Revealing the Truth of Technical Analysis


Traders identify support, resistance, trends, and buy chances, but markets are complex, perfect entry is hard, and prices don't reverse immediately.

In actual transactions, technical analysis is often not as simple as imagined. Although traders may easily identify support and resistance levels in historical trends, capture price trends, or use various indicators to find buying opportunities, real market trading is often far from as smooth as ideal. This article will reveal the truth of technical analysis and share how to conduct transactions correctly.

Revealing the Truth of Technical Analysis

The perfect form only exists in textbooks. If traders continue to pursue perfect entry points, trading will become extremely difficult. For example, if the price is expected to accurately hit the support level set by the trader and immediately reverse, many trading opportunities and profits may be missed. Market price behavior is usually more complex. For example, if the price slightly drops below the set resistance level, it does not mean that the price has confirmed a breakthrough. There may be differences in the analysis of different traders in the market, and traders may also create false breakthroughs and other technical signals to cut leeks. Price behavior reflects the emotions, irrational behavior, and supply-demand relationship of traders. Therefore, when the market is full of uncertainty, you cannot expect prices to perfectly follow your technical analysis.

Don't be too confident and believe that your technical analysis is 100% correct. It is wise to start trading from a small principal, adopt effective risk management strategies, and view key prices as regions rather than precise points.

The market will not immediately reverse after a halt. Although price reversal is a common trading strategy in technical analysis, many traders do not know how to analyze market reversals. Prices usually provide more signals and opportunities than immediately changing direction after stopping. Therefore, do not rush in and only intervene after there are more confirmed trading signals.

For example, when the market is in an upward trend, seeing a cross star may make you think that the upward trend has weakened and the price will reverse and fall, so you sell short, but in reality, the price is still rising, leading to losses. When the trend is about to reverse, prices often do not immediately appear in a candle shape but may clear excess buyers and sellers in the horizontal market, paving the way for more trading opportunities, so do not rush to intervene in trading.
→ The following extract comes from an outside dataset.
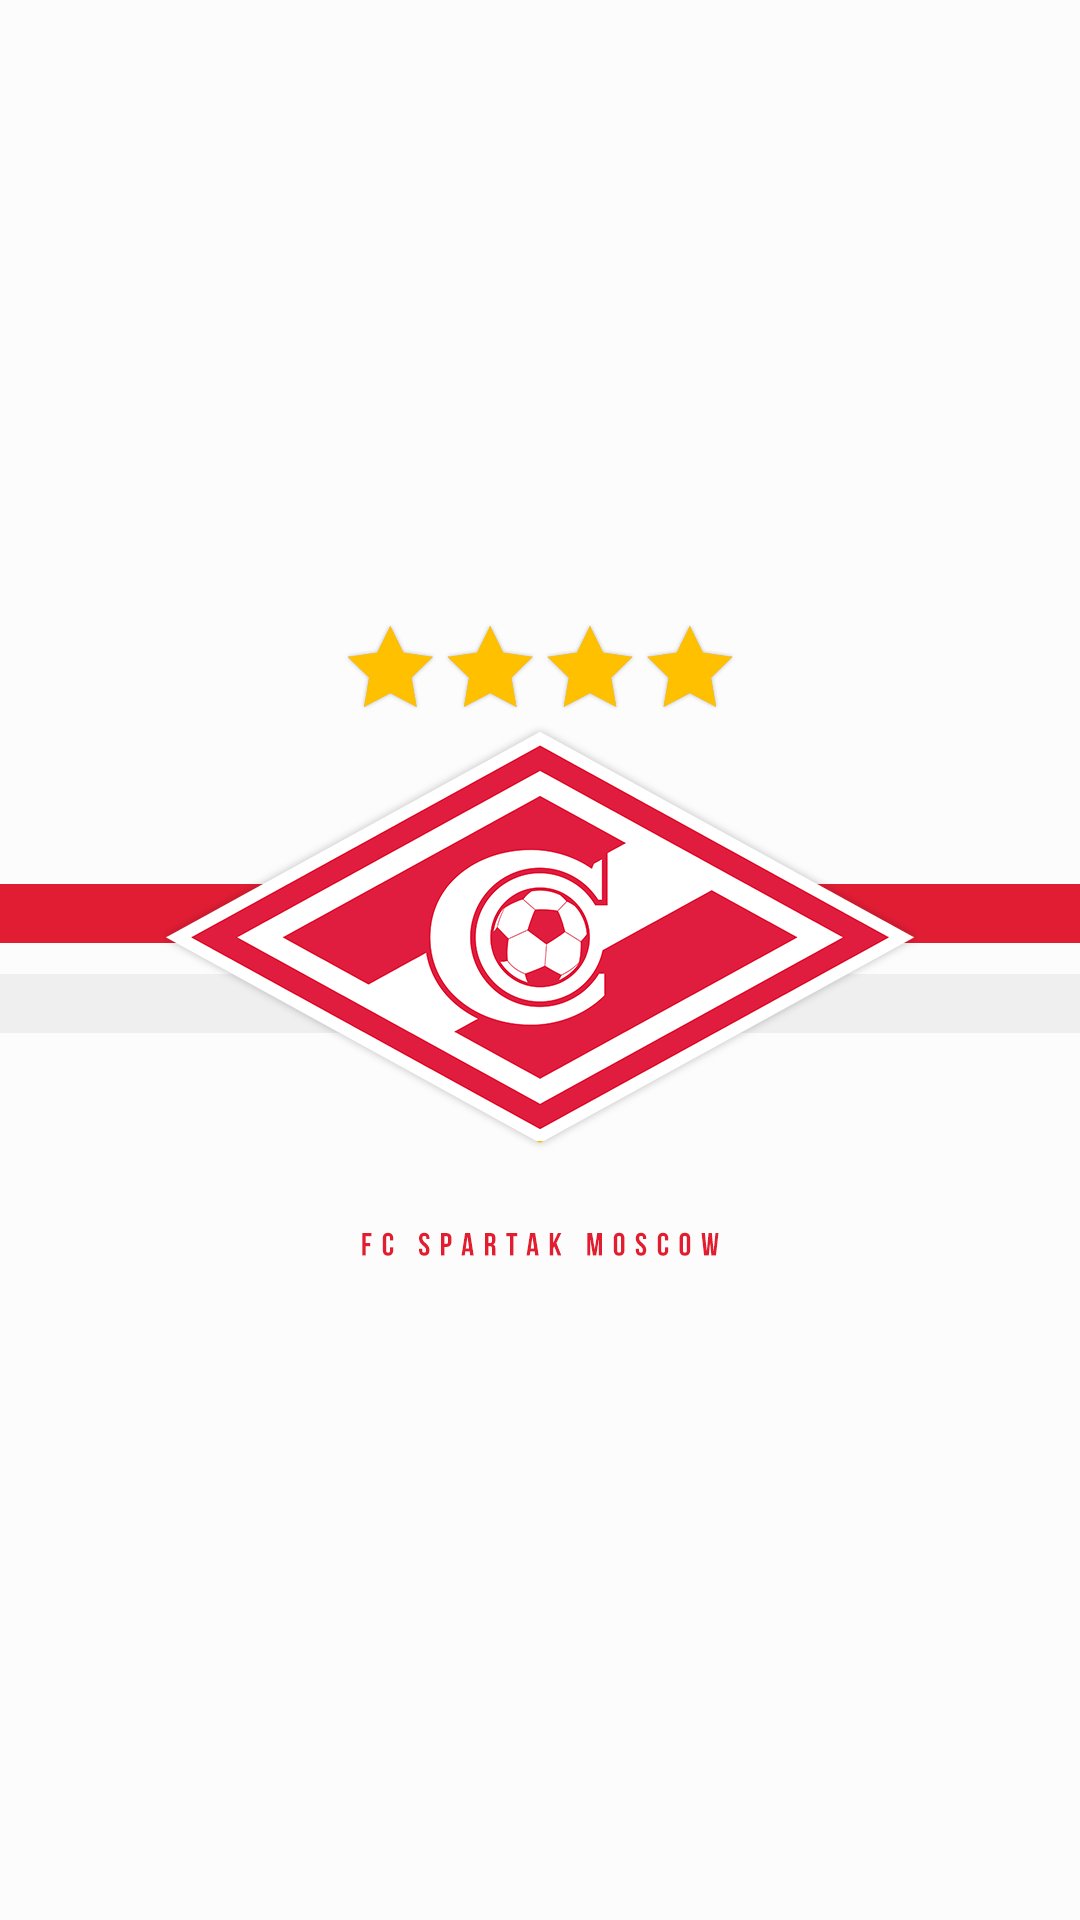 Logo Of Fc Spartak Moscow Coloring Pages - Richard McNary's Coloring Pages

Beware of traps in technical indicators. Sometimes relying on technical indicators may make your entry time too late. Because technical indicators often lag behind and are calculated based on past data, market changes cannot be captured in a timely manner. Don't wait for all technical indicators to signal at the same time; otherwise, traders may miss the opportunity to enter. Price behavior is usually more timely and accurate, without lagging behind. Technical indicators can be used as auxiliary tools, but they are mainly based on price behavior.

There has always been a debate in the market about which price behavior or technical indicators are better. Some people believe that price behavior is the best because it provides the most accurate trading signal. But some people also believe that technical indicators are better because they provide clear and systematic trading opportunities. In fact, both have their own uses. Price behavior provides timely signals, while technical indicators can assist in analysis. Combining the two can improve transaction quality and success rates.

Listen carefully to the price announcement. To conduct high-quality and high-winning transactions, it is necessary to trade based on price signals. The price will tell the market which side has stronger momentum, which price range, the likelihood of price reversal, and the reaction of prices to previous highs and lows. In price behavior analysis, do not rely too much on a single signal but rather integrate multiple signals to develop trading strategies.

Understand what type of trader you are. There are two main types of technical analysis in the market: predictive and reactive. Predictive analysis attempts to predict price trends and intervene in trading in advance, while reactive analysis waits for clear signals from prices before entering. Choosing a suitable approach and strictly executing the trading plan will help improve the quality of transactions.

Technical analysis is an art that requires continuous learning and practice. Don't be fooled by perfect form, delayed technical indicators, or overly confident chart analysis. Improve your trading skills through the comprehensive use of price behavior and technical indicators, as well as wise risk management. After all, trading is not a simple game but a process that requires rational thinking and firm execution.

Disclaimer: This material is for general information purposes only and is not intended as (and should not be considered to be) financial, investment or other advice on which reliance should be placed. No opinion given in the material constitutes a recommendation by EBC or the author that any particular investment, security, transaction or investment strategy is suitable for any specific person.